▶ _ASSIGNED TASK_: Exactly and only the lines below from the one containing "Andonstar AD407 Pro" down to the one containing "Four people are" are wanted, both included; please exclude every picture.

▶ _SUPPLIED INFORMATION_:
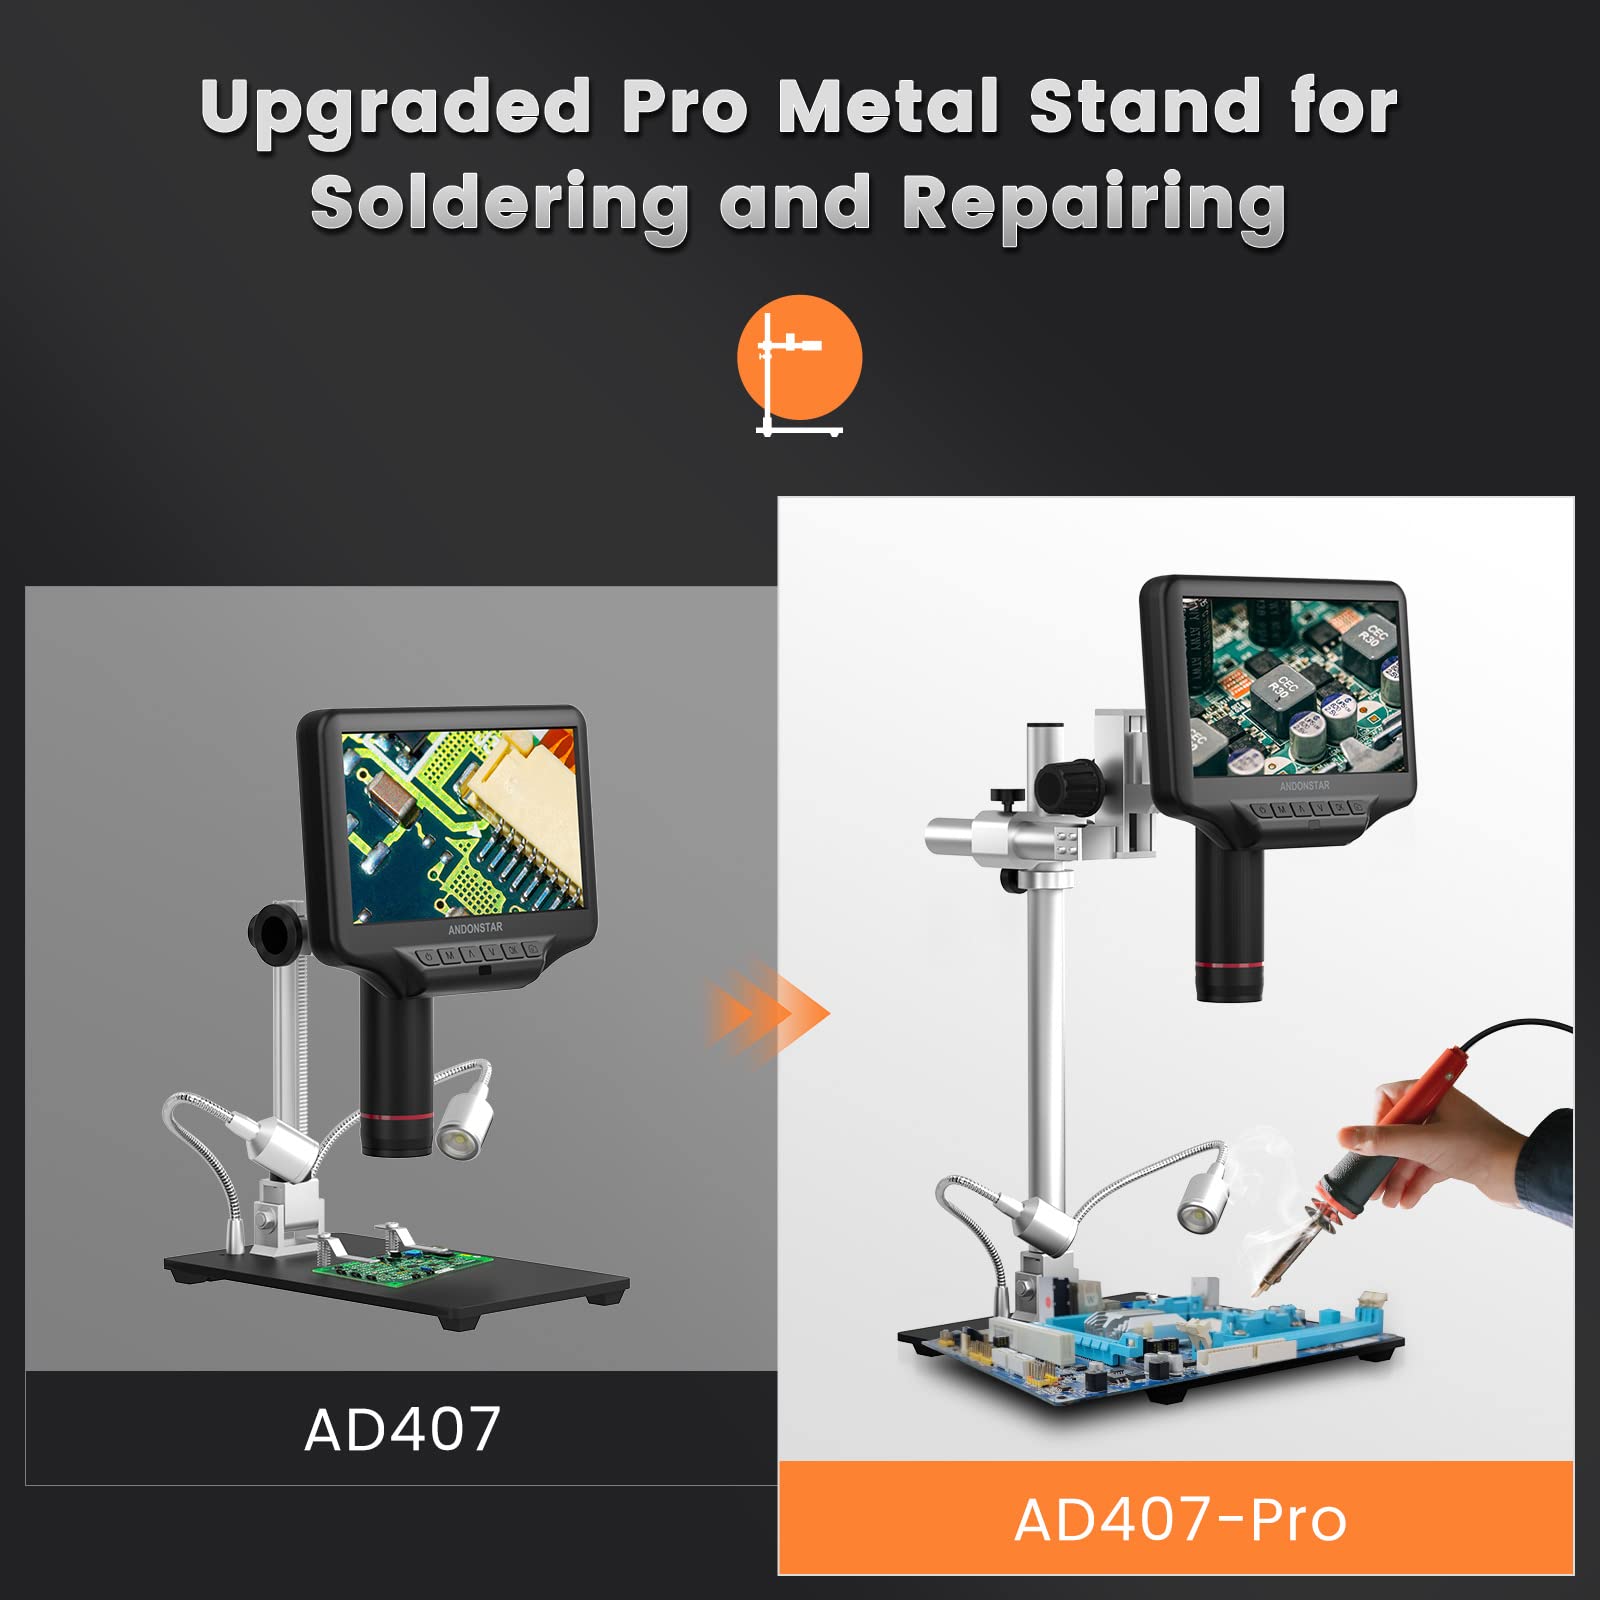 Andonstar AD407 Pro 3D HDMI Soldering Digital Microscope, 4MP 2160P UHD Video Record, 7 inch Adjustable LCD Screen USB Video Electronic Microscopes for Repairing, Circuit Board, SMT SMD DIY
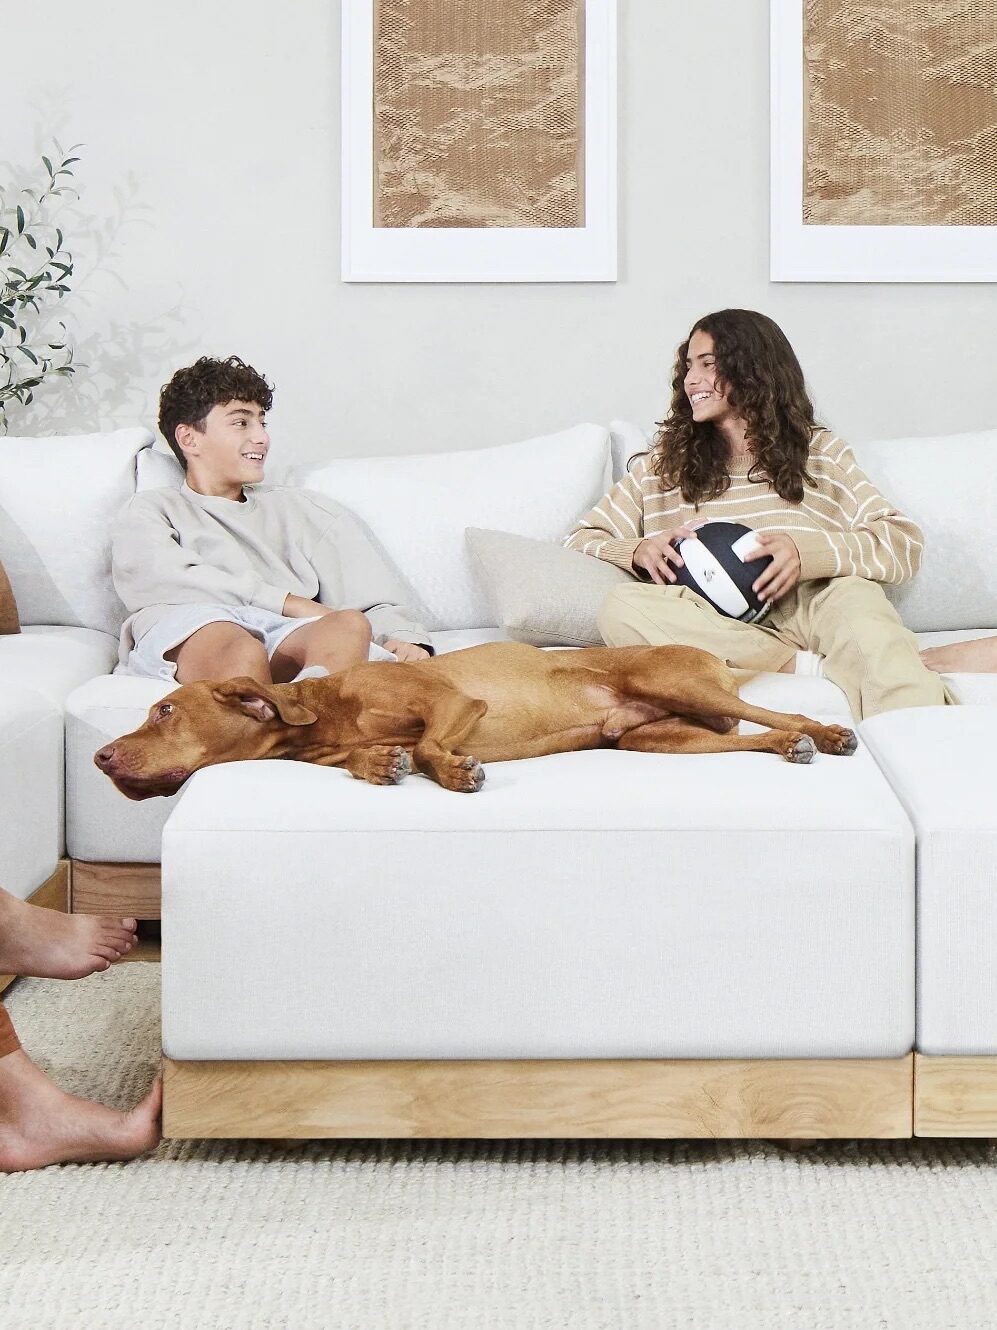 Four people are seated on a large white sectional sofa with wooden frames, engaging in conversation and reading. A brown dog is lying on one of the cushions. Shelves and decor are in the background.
...
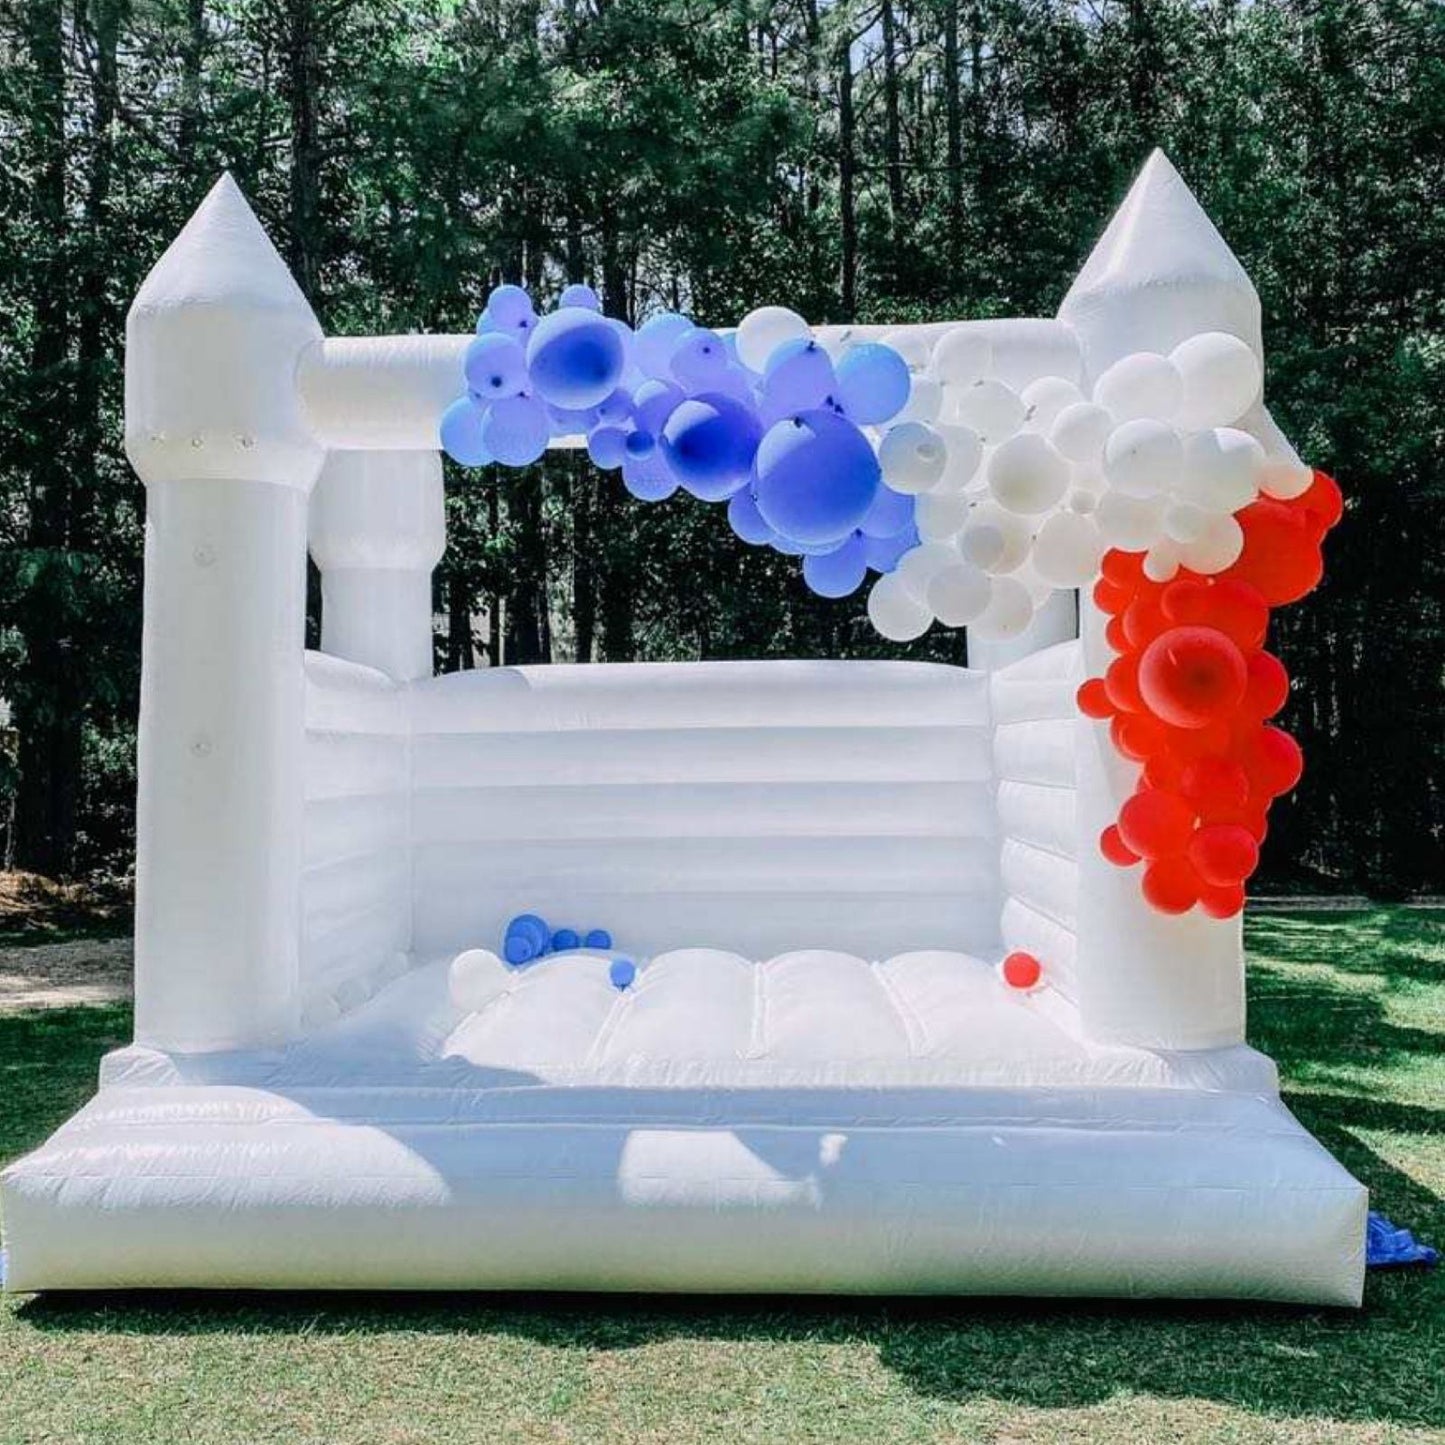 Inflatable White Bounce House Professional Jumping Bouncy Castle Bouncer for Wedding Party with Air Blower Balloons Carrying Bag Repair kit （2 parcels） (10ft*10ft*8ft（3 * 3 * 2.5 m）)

▶ _ANSWER SPACE_:
 Andonstar AD407 Pro 3D HDMI Soldering Digital Microscope, 4MP 2160P UHD Video Record, 7 inch Adjustable LCD Screen USB Video Electronic Microscopes for Repairing, Circuit Board, SMT SMD DIY
 Four people are seated on a large white sectional sofa with wooden frames, engaging in conversation and reading. A brown dog is lying on one of the cushions. Shelves and decor are in the background.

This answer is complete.